La spocchia, l’arroganza, i muscoli, le minacce contro la logica, la fermezza, la determinazione. È questo il duello di queste ore tra Matteo Salvini e la comandante della Sea Watch, Carola Rackete, 31 anni, che da sette lavora al timone di una nave. È di nazionalità tedesca e dopo 14 giorni al largo di Lampedusa ha deciso di forzare il blocco con i 42 naufraghi a bordo, tutti migranti africani fuggiti dalle carceri libiche che tutto volevano fuorché ritornare nell’inferno del Paese maghrebino. «Ho deciso di entrare in porto. So cosa rischio, ma i naufraghi sono allo stremo».
Salvini quando ha saputo che la Sea Watch stava facendo rotta verso Lampedusa è andato su tutte le furie. L’ha chiamata «sbruffoncella che vuole fare politica sulla pelle dei migranti». Ma Carola Rackete è tutt’altro che una sbruffoncella. Parla cinque lingue e a 23 anni era già al timone di una nave rompighiaccio. La cosa che stona di più è che a «sbruffoncella» Salvini ha aggiunto che «… vuole fare politica sulla pelle di qualche migrante». Ma questo è esattamente ciò che ha fatto lui, che ha costruito intere campagne elettorali sul tema immigrazione con accenti, peraltro, pesantemente minacciosi, del tipo: «È finita la pacchia».
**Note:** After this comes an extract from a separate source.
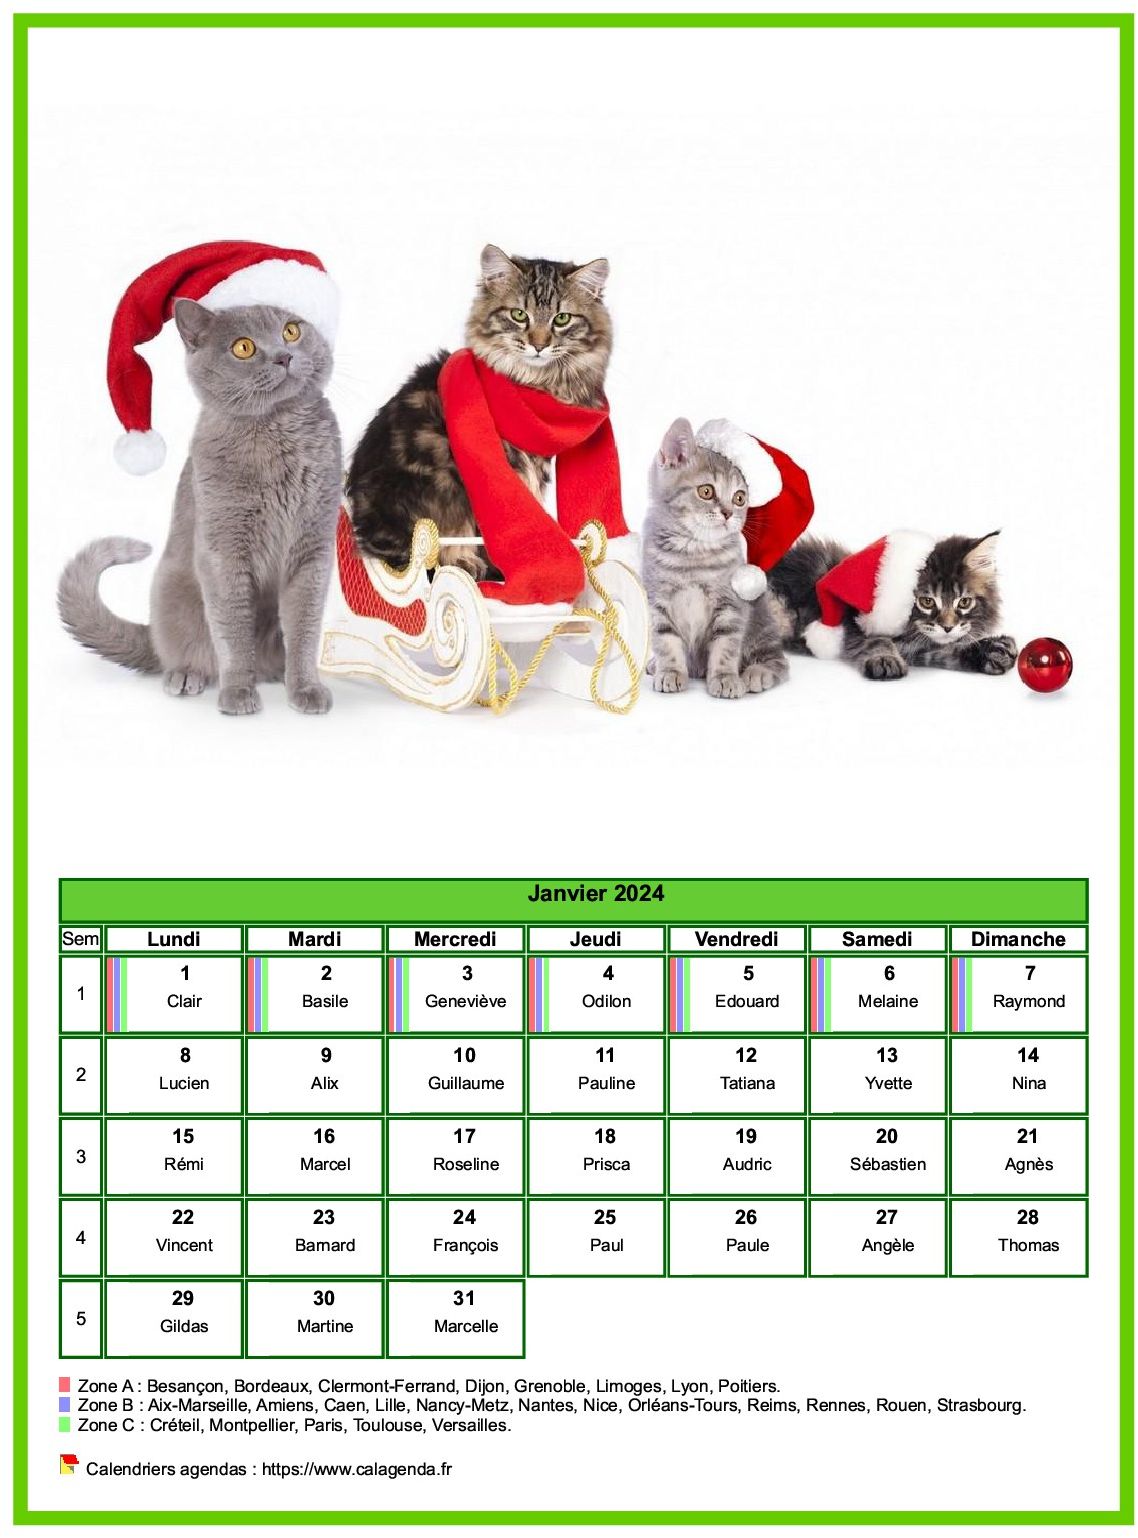 Calendrier janvier chats

Carola ha invece detto di sé stessa: «La mia vita è stata facile, ho potuto frequentare tre università, a 23 anni mi sono laureata. Sono bianca, tedesca, nata in un Paese ricco e con il passaporto giusto. Quando me ne sono resa conto, ho sentito il bisogno, l’obbligo morale di aiutare chi non aveva le mie stesse opportunità».
Comunque vada, in questa vicenda Carola ha già vinto. Ha sconfitto il capitano spocchioso e arrogante che la minaccia.